After meeting privately for nearly two hours with about 25 people from the LGBT community, Dallas Mayor Mike Rawlings on Saturday afternoon refused to rule out the possibility of reversing course and signing a pledge in support of same-sex marriage.
“To be a great city we have to have everybody feel a part of it,” Rawlings told a throng of news reporters as he left Resource Center Dallas, where the closed-door meeting took place. “Obviously, the LGBT community feels at times that they’re disenfranchised. They don’t have the civil rights that the rest of us have, and so it was a wonderful learning experience for me, listening to personal stories, listening to policy issues, and listening to strategies of how we can make sure this community feels better next year than it does today. The arc of history is working for the rights of this community, and we as citizens and as the City Council want to support that.”
Asked whether he might still change his mind and sign the marriage pledge, Rawlings referred to himself as “pledge-phobic.”
“I think that America’s got too many pledges out there, and I think it’s simplistic and not substantive,” he said. “I’m a mayor that wants to be substantive. I do care about the civil rights of all of our citizens and will think about how we can make Dallas a better place for that.”
Pressed for a yes-or-no answer, Rawlings said: “I’m not going to take a pledge never to sign a pledge, but I don’t like to sign pledges.”
During the meeting, Rawlings reiterated his personal support for marriage equality and again attempted to explain why he chose not to sign the pledge, unveiled last week by the national group Freedom to Marry. About 100 mayors from across the country have signed the pledge, including those from all eight U.S. cities larger than Dallas.

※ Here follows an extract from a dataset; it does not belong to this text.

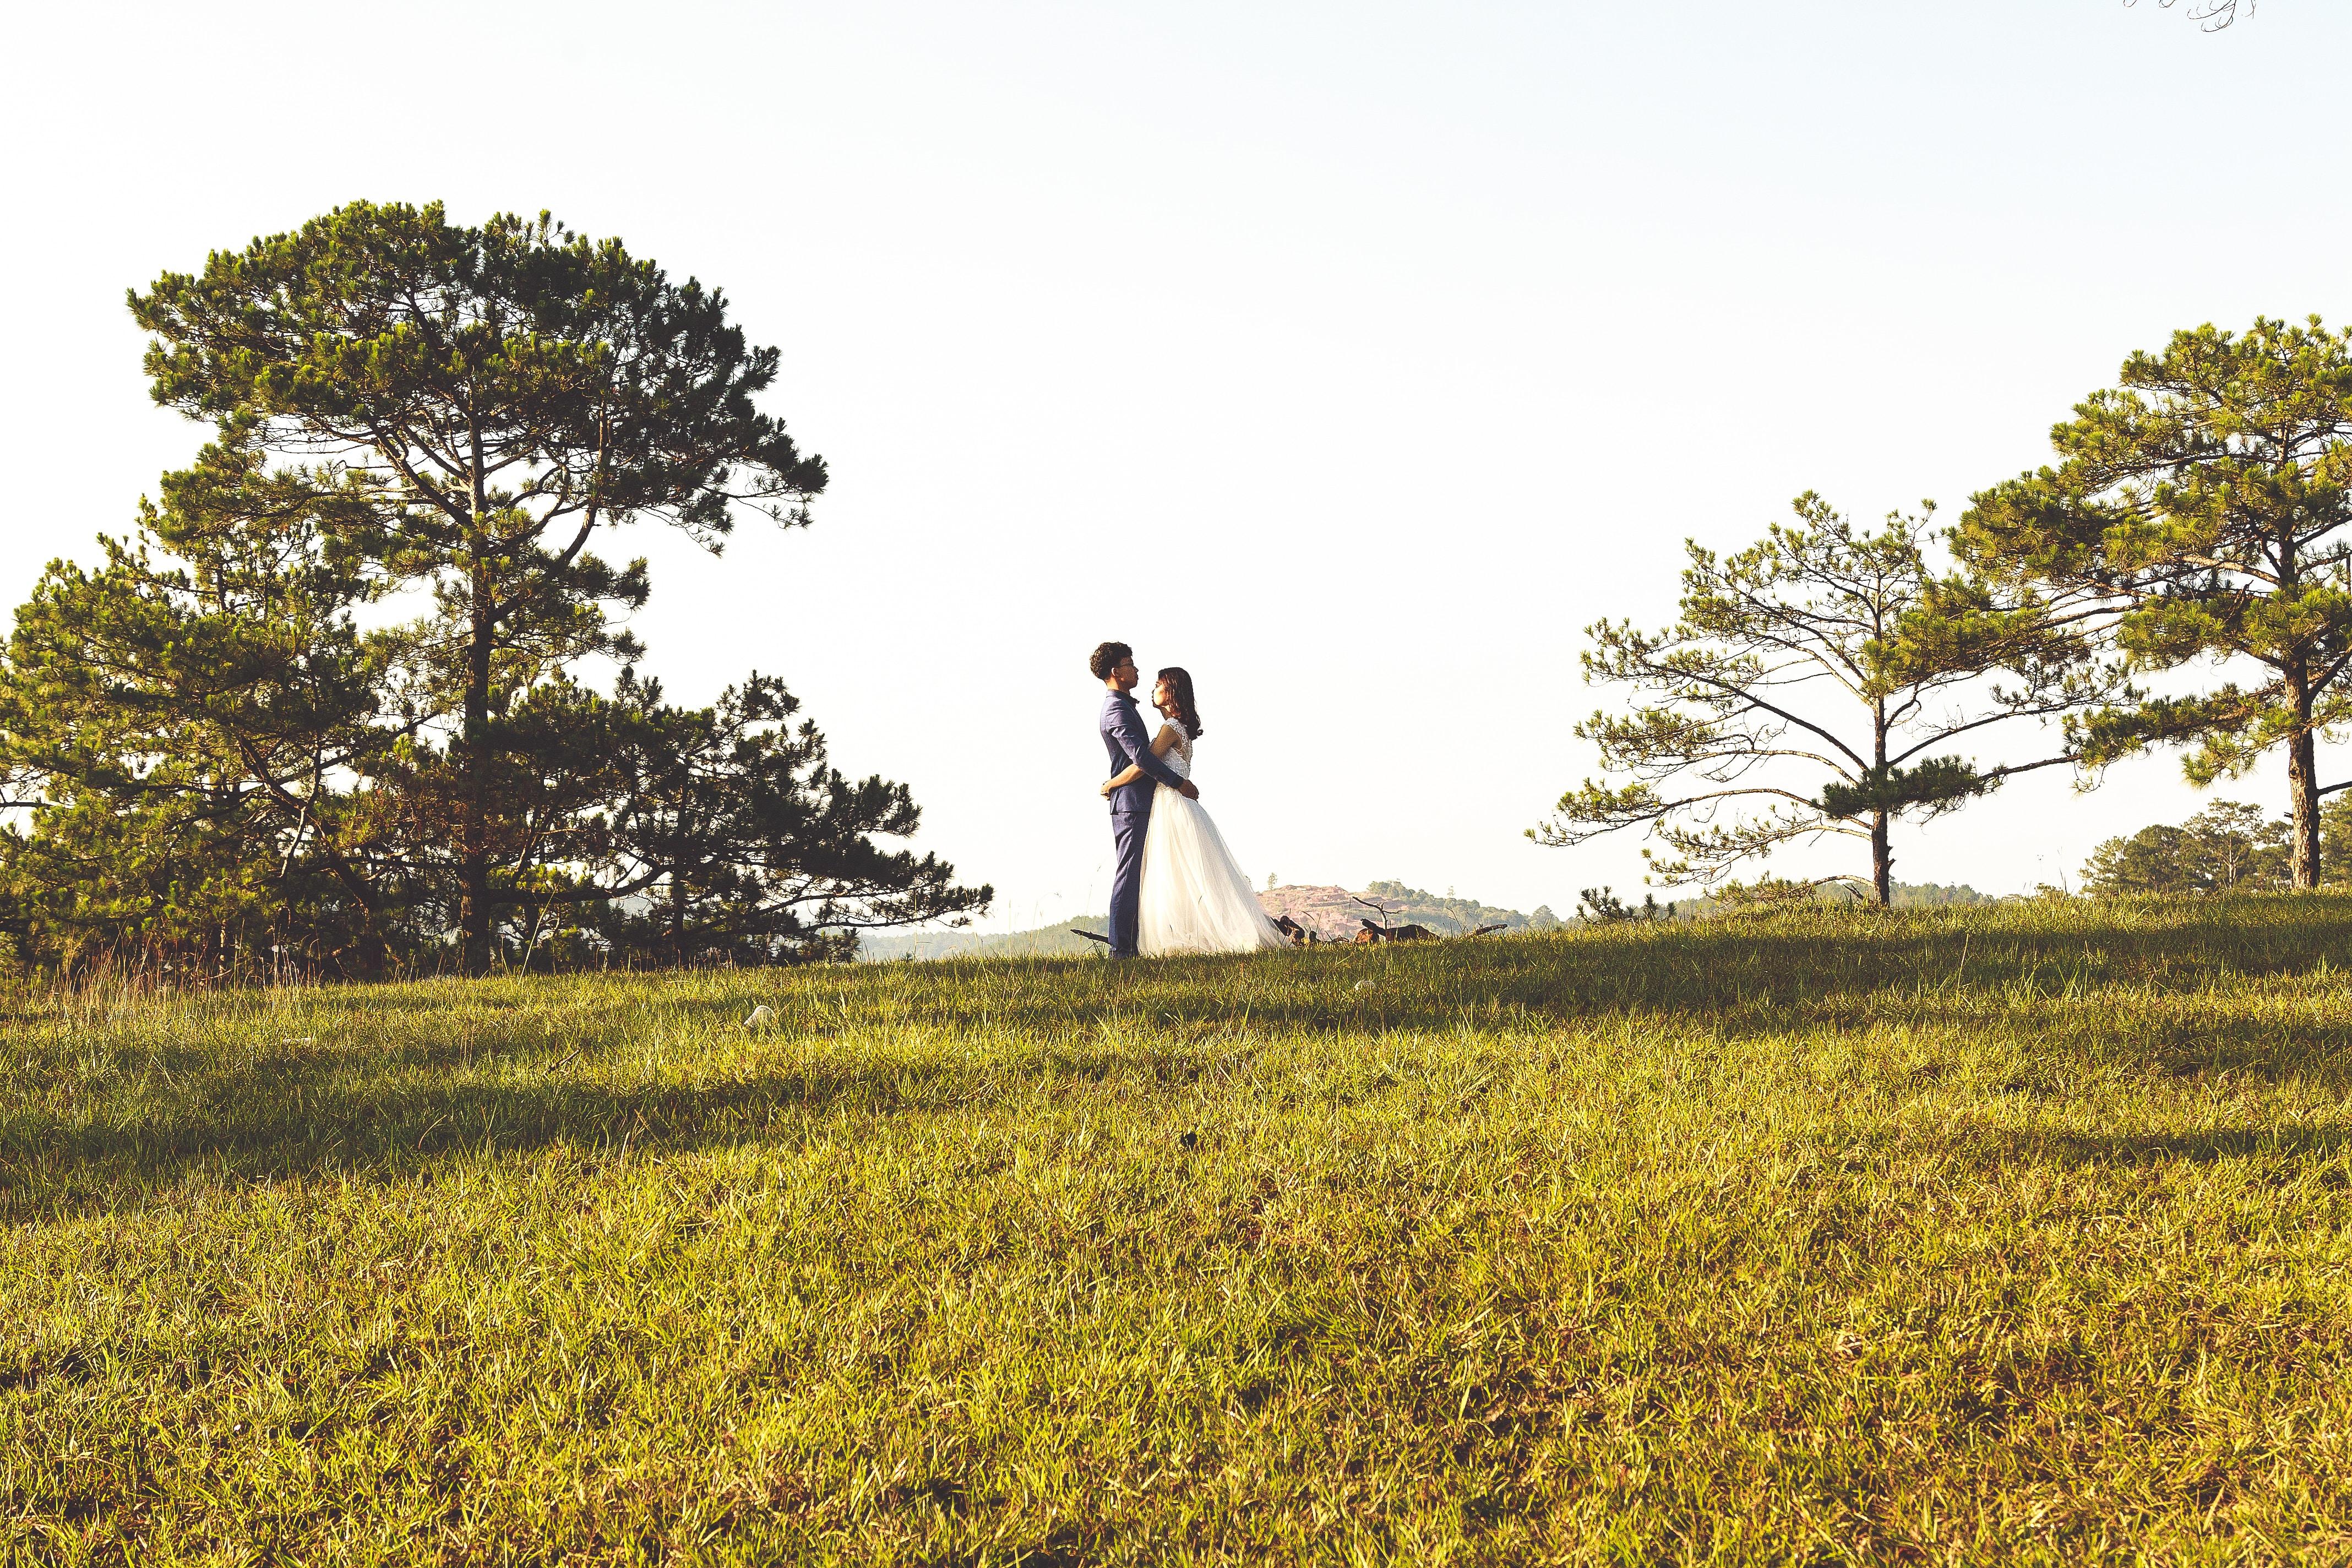 groom and bride near tree
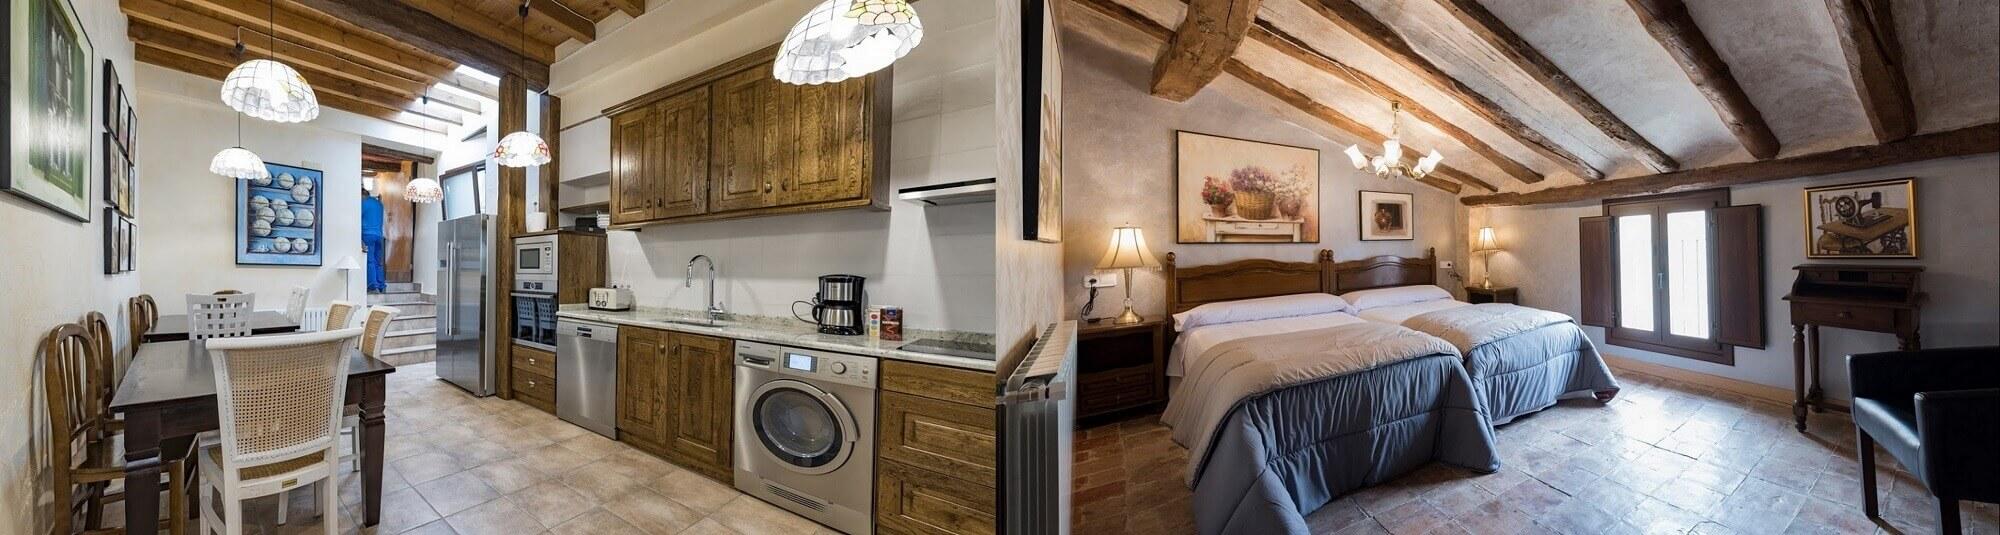 Casa Rural Navarra kitchen and bedroom

Rawlings has come under fire from Dallas’ LGBT community for refusing to sign the pledge — and for some of the language he has used to explain his rationale to the media, including repeated statements by the mayor that the issue is “irrelevant” for the city. On Friday night, about 100 people gathered outside City Hall for a protest to call on Rawlings to sign the pledge.
“I”m not trying to say it’s not a big issue because I understand that it is,” Rawlings said at the outset of Saturday’s meeting.
“If the city had the right to marry you, I would vote yes,” Rawlings told the group. “But in this case I chose to step back from the symbolism — because that’s what it was — and not get into that fray.”
In retrospect, Rawlings said, his decision not to sign the pledge may have been the right one and may have been the wrong one. But either way, he said he takes ownership for it. The mayor also said his biggest mistake was not calling Cece Cox, executive director and CEO of Resource Center Dallas, to discuss the issue before deciding whether to sign.
Cox, who initiated Saturday’s meeting, said afterward she was glad the community got to have an open discussion with the mayor about the issue. Cox said although it would be “incredibly powerful” for Rawlings to sign the pledge, she’s not counting on it.
“Even if he doesn’t sign the pledge, we still have business to take care of, so we have to find a way to move forward,” Cox said.
Patti Fink, president of the Dallas Gay and Lesbian Alliance, said after the meeting that “dialogue is always good.” But Fink added: “I think the proof’s in the pudding. We’ll see what happens going forward. I think he needs a lot of education.”
Daniel Cates of GetEQUAL, who organized Friday night’s rally, said his group will continue to pressure the mayor to sign the pledge.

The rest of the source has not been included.